# Dually or SWR



## azmike

I found a nice F-350 extended cab 4x4 like if been looking for. I had been thinking dual rear wheels but this is a single. I've been running a single king ranch 350 but want the smaller cab and newer truck.

Any body add duals or take them off?


----------



## slowzuki

Its not the greatest swap, dual wheels don't swap onto the front without dual adapters. The rear can just squeeze duals on barely onto a SRW Sterling 10.5" axle.


----------



## somedevildawg

azmike said:


> I found a nice F-350 extended cab 4x4 like if been looking for. I had been thinking dual rear wheels but this is a single. I've been running a single king ranch 350 but want the smaller cab and newer truck.
> Any body add duals or take them off?


I've often thought of adding duals to my srw f350 (01) would be curious if anyone has done it as well.....I would like to remove the bed and install a flatbed and add duals, the bed is a lil worse for wear after a few years farming and 400k miles, tailgate has been nonexistent for quite some time


----------



## NewBerlinBaler

All other things being equal (same engine, tranny, axle ratio, etc.), an SRW truck pulls a bigger trailer than a DRW truck. Because the tow vehicle is slightly lighter. For what it's worth...

Gary


----------



## gearhartfarms82

If ur towing alot duals all the way.


----------



## FCF

Haven't looked recently, but at one time DRW had larger brakes than SRW.


----------



## azmike

somedevildawg said:


> I've often thought of adding duals to my srw f350 (01) would be curious if anyone has done it as well.....I would like to remove the bed and install a flatbed and add duals, the bed is a lil worse for wear after a few years farming and 400k miles, tailgate has been nonexistent for quite some time


Dude, lets go truck shopping! 400k....time to let-er-go!


----------



## Heavy Calf

I'm in a similar spot. I've got a good SRW but I max out the tire rating 6 or 8 times a year. Looks Iike it gunna be more this year.

How much rear axle weight is too much for a SRW on short (50 mile) farm to farm trips.


----------



## r82230

When I was ordering my new truck the difference in load capacity was something like 1100# more for DRW verses SRW. (GM trucks, I do not remember how much more the vehicle itself increase in weight however). For the extra cost, very little extra hauling capacity and unable to use car washes sold me on SRW (my wife allowed me to get new truck, but she wouldn't wash it and wants me to try to keep it clean, for awhile).

Forgot to add, service rep (person who writes up your service order, etc.), is my grandson's Godfather, and he also recommended avoiding DRW. His claim is every turn is just extra stress and with two more wheels more things to go wrong with.


----------



## slowzuki

What truck? The Sterling 10.5" is rated for 9000 lbs if you can get enough tire on it. I think the 14 bolt FF is rated for 8200 lb or something like that.

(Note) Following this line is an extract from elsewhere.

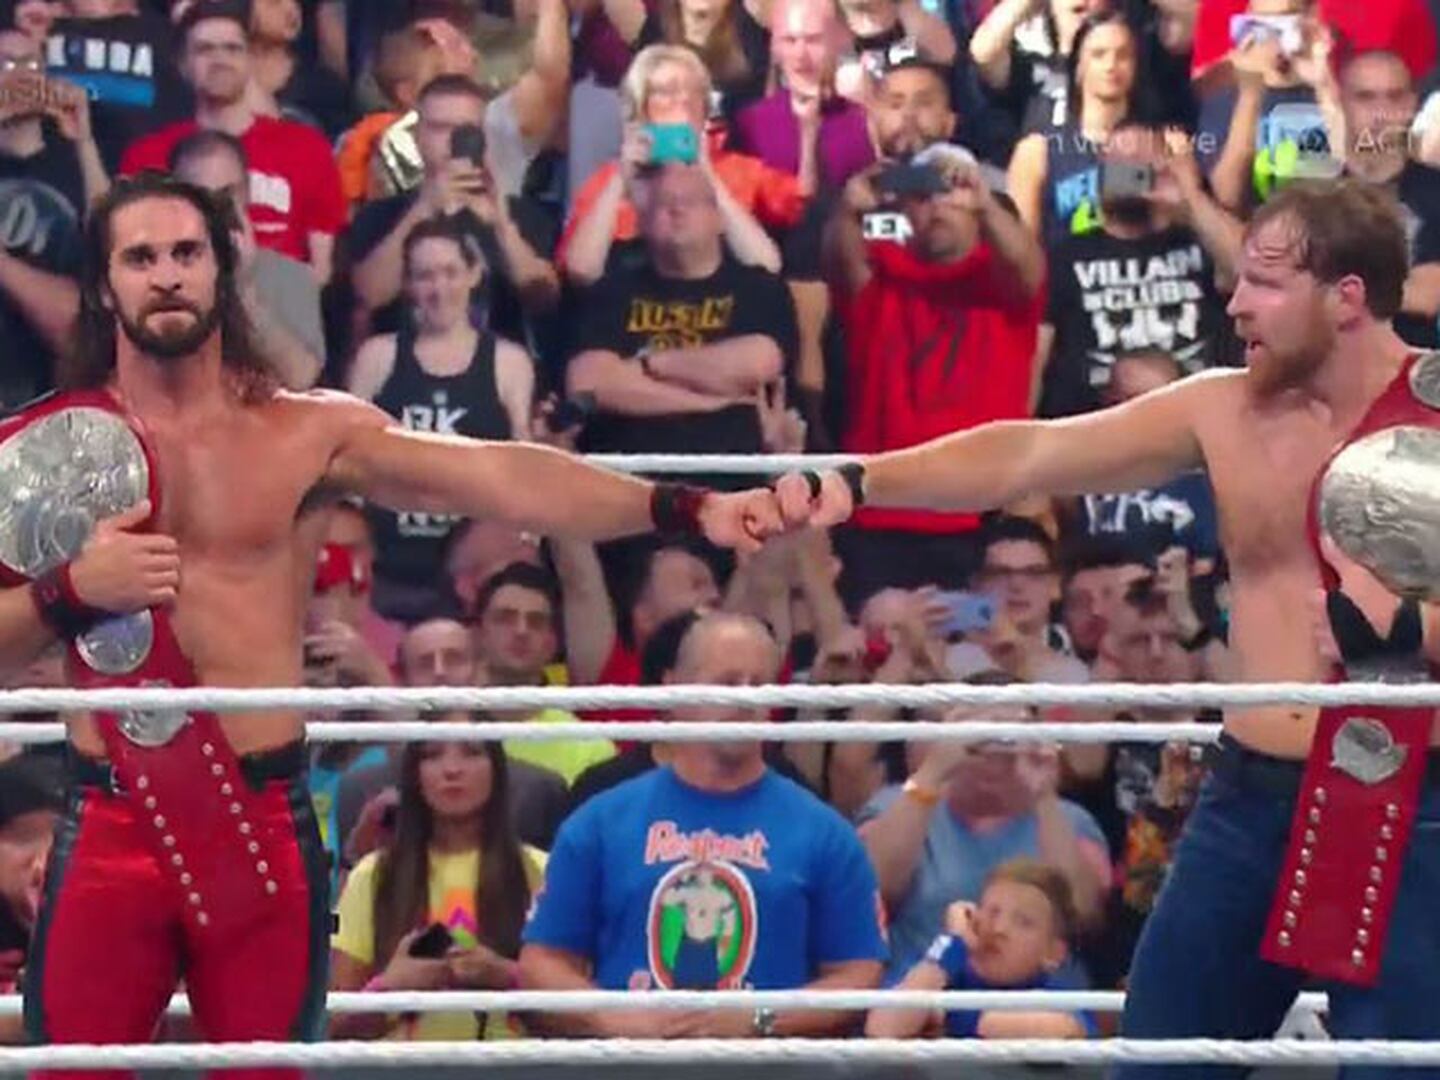 Inicia una nueva era entre Seth Rollins y Dean Ambrose como campeones

May want to look into some stronger tires and rims. 17.5 and 19.5 conversions exist. Some large LT tires have higher load ratings too. Bumping up to a 285 can gain 350 lbs capacity per tire over a 265.



Heavy Calf said:


> I'm in a similar spot. I've got a good SRW but I max out the tire rating 6 or 8 times a year. Looks Iike it gunna be more this year.
> 
> How much rear axle weight is too much for a SRW on short (50 mile) farm to farm trips.


----------



## SCtrailrider

I know on the older GMT 400 trucks the axle is a different width between the srw & dually... not real sure on newer stuff... The dually will be much more stable than the single....


----------



## slowzuki

Yes dually axle is about 4" wider. SRW axle leaves very little room to frame with DRW tires mounted to a superduty 37" pickup rail spacing, just a couple of inches. Won't clear the dodges 40" frame I don't think. Don't know GM.

Cab and chassis SRW superduty fits no trouble as the rails are 34" spacing.



SCtrailrider said:


> I know on the older GMT 400 trucks the axle is a different width between the srw & dually... not real sure on newer stuff... The dually will be much more stable than the single....


----------



## JD3430

r82230 said:


> When I was ordering my new truck the difference in load capacity was something like 1100# more for DRW verses SRW. (GM trucks, I do not remember how much more the vehicle itself increase in weight however). For the extra cost, very little extra hauling capacity and unable to use car washes sold me on SRW (my wife allowed me to get new truck, but she wouldn't wash it and wants me to try to keep it clean, for awhile).
> 
> Forgot to add, service rep (person who writes up your service order, etc.), is my grandson's Godfather, and he also recommended avoiding DRW. His claim is every turn is just extra stress and with two more wheels more things to go wrong with.


I have both, a SRW and a DRW. The extra set of tires, wheels, bearings and braking for those tires on the road makes for a much more stable towing platform. Although the towing rating isn't much greater, If towing is the primary use, the DRW give a more stable, less squirrelly experience.


----------



## luke strawwalker

slowzuki said:


> Yes dually axle is about 4" wider. SRW axle leaves very little room to frame with DRW tires mounted to a superduty 37" pickup rail spacing, just a couple of inches. Won't clear the dodges 40" frame I don't think. Don't know GM.
> 
> Cab and chassis SRW superduty fits no trouble as the rails are 34" spacing.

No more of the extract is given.